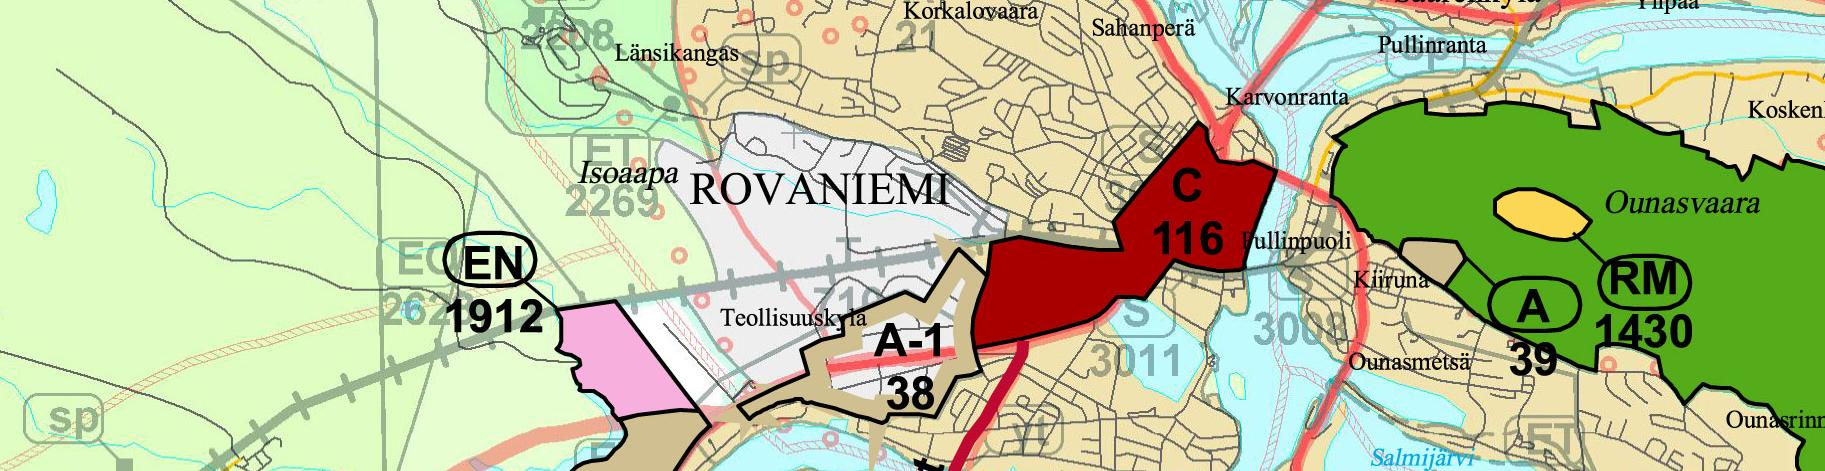 7 Kuva. Rovaniemen maakuntakaavan ja Rovaniemen vaihemaakuntakaavan yhdistelmä.
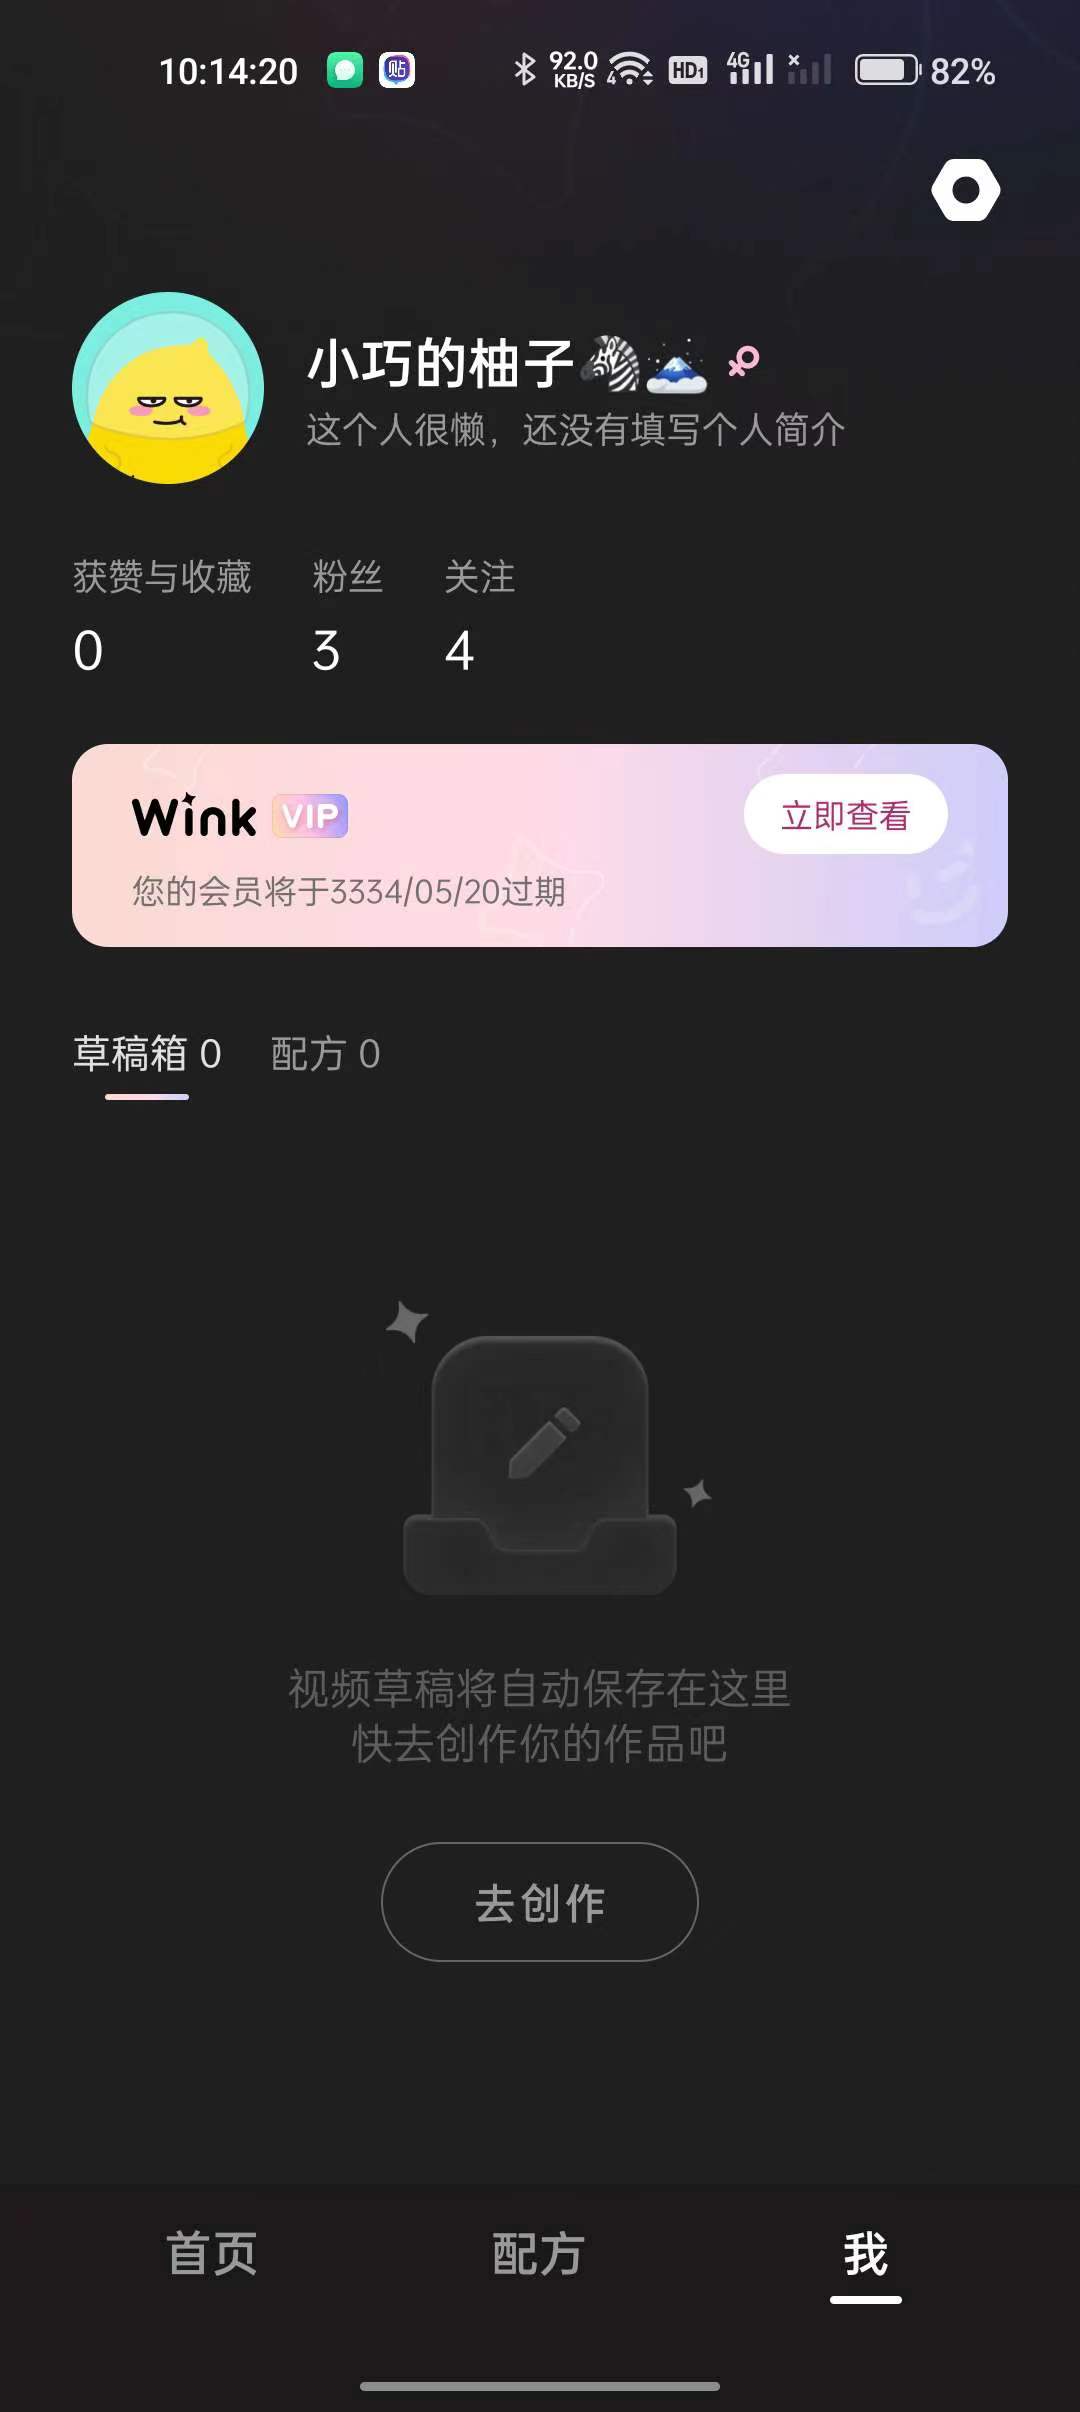 Wink1.5.8.0，画质修复，解锁会员。 【来源：赤道365论坛】 帖子ID:19067 会员,解锁,修复,画质
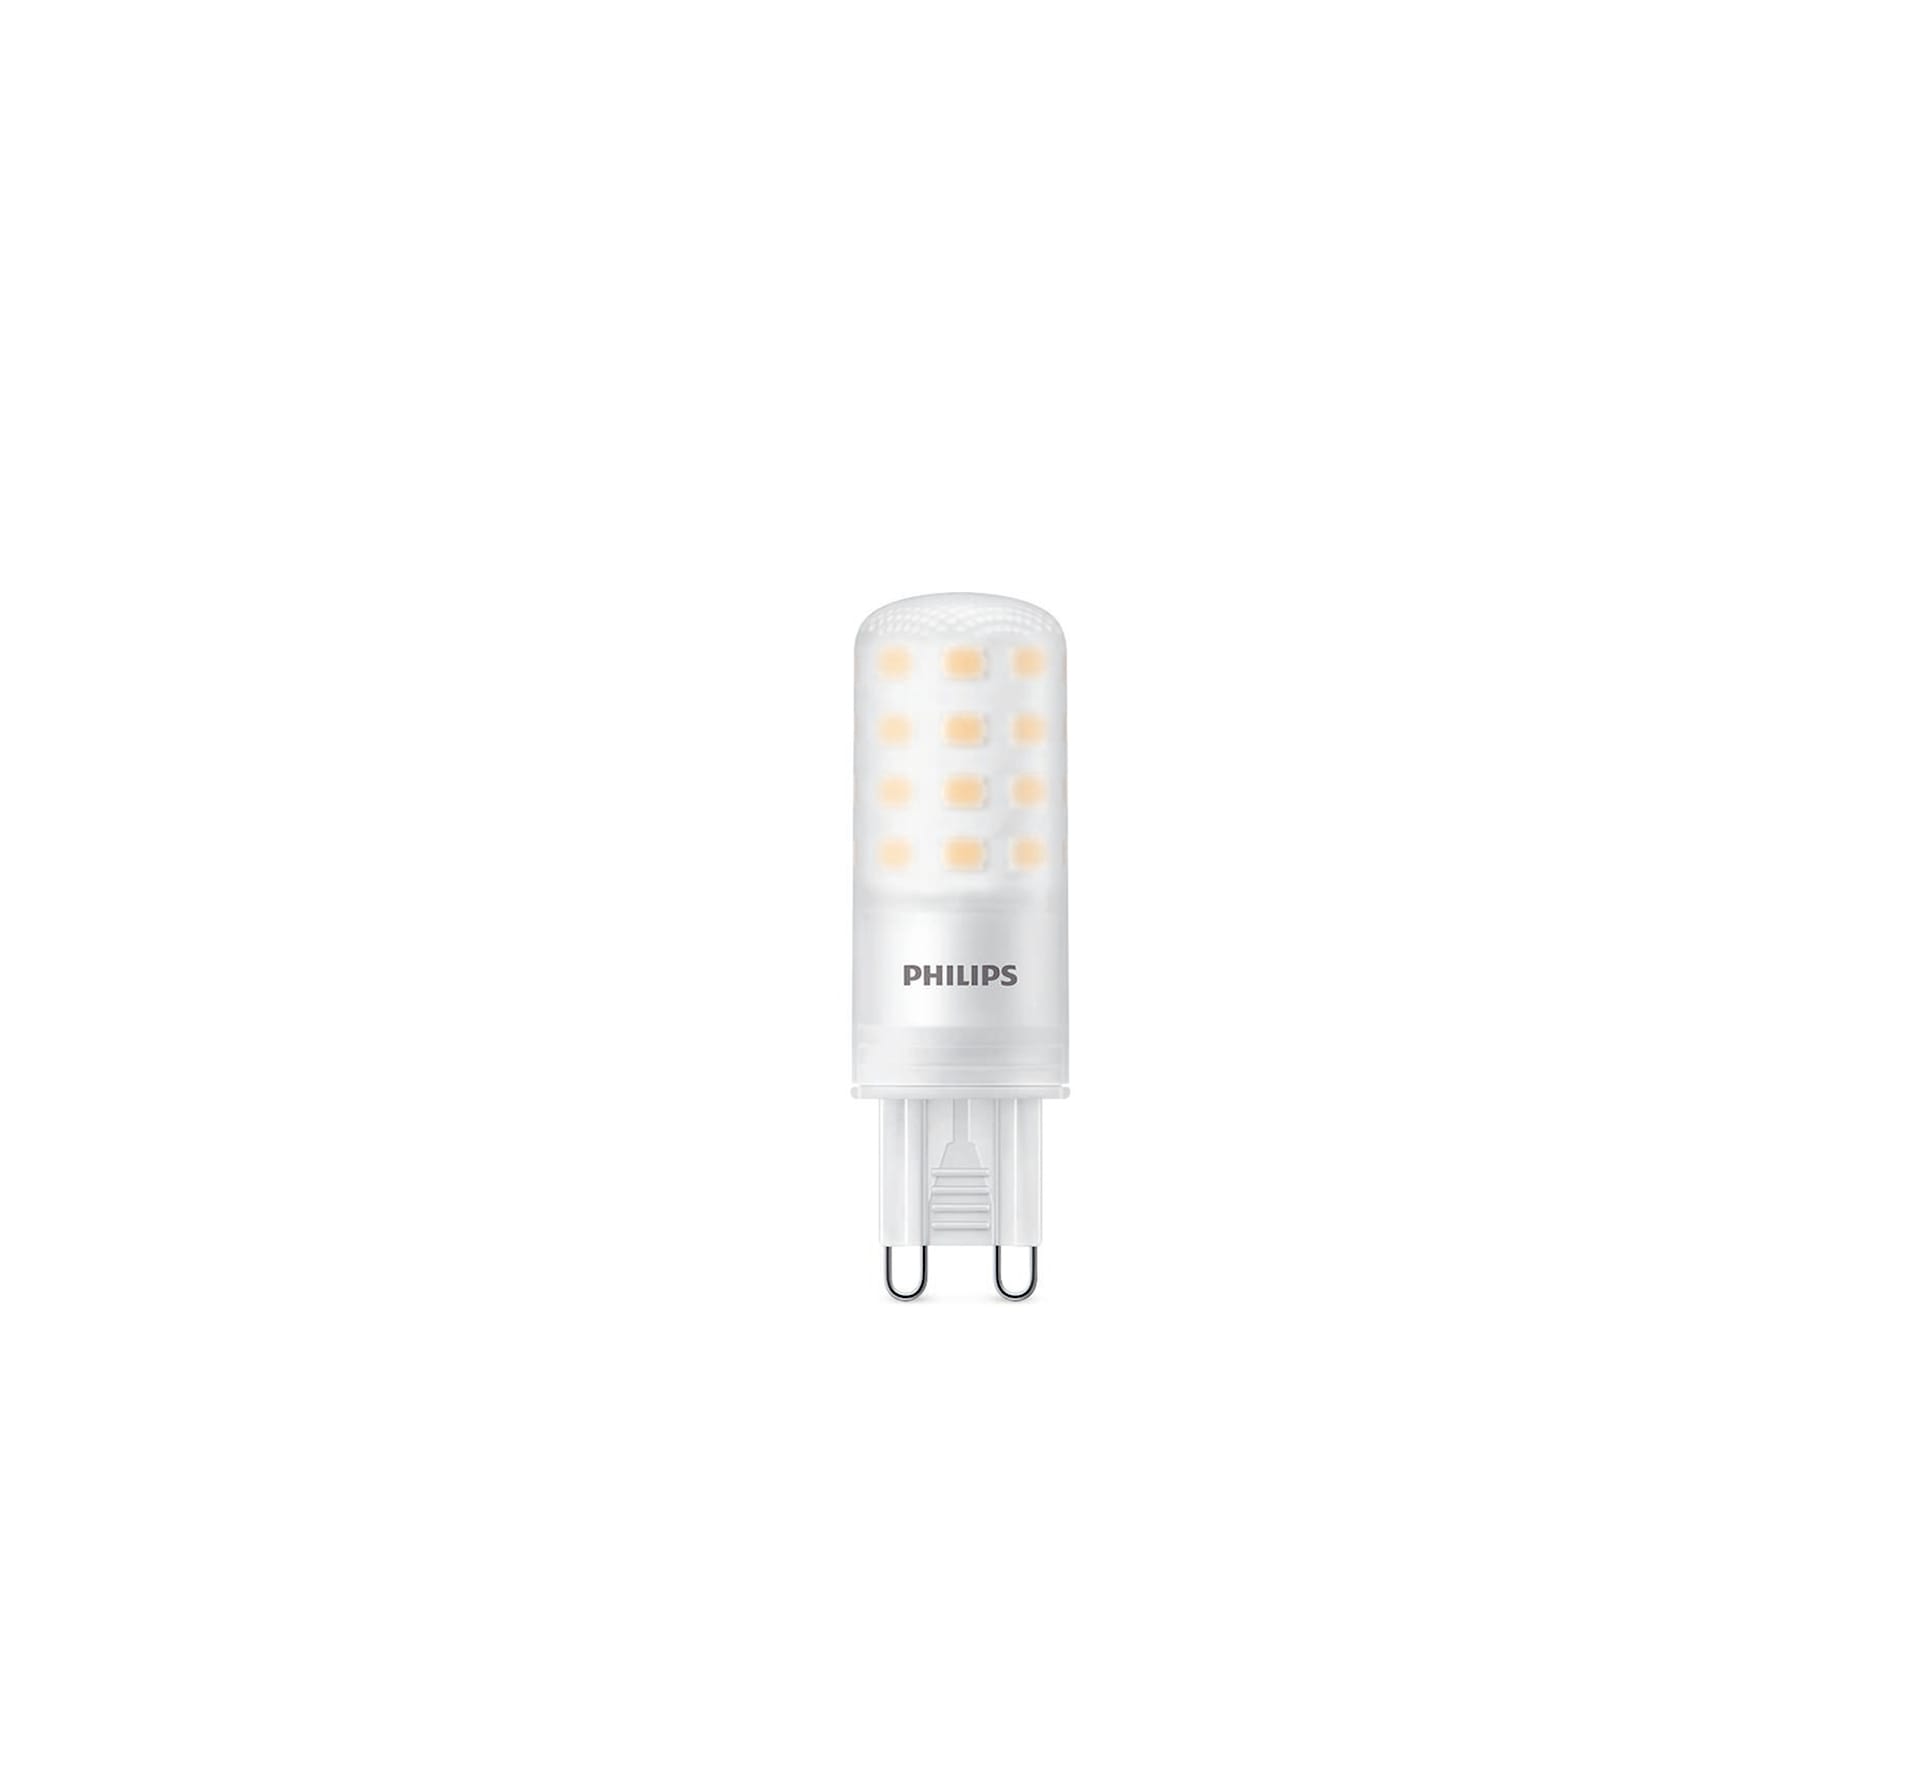 LED Capsule lamp 4W G9 - Philips - NO GA

————————

WHAT YOU HAVE TO DO
Copy out every line of the material above precisely, omitting the pictures.

RESULT BELOW
 7 Kuva. Rovaniemen maakuntakaavan ja Rovaniemen vaihemaakuntakaavan yhdistelmä.
 Wink1.5.8.0，画质修复，解锁会员。 【来源：赤道365论坛】 帖子ID:19067 会员,解锁,修复,画质
 LED Capsule lamp 4W G9 - Philips - NO GA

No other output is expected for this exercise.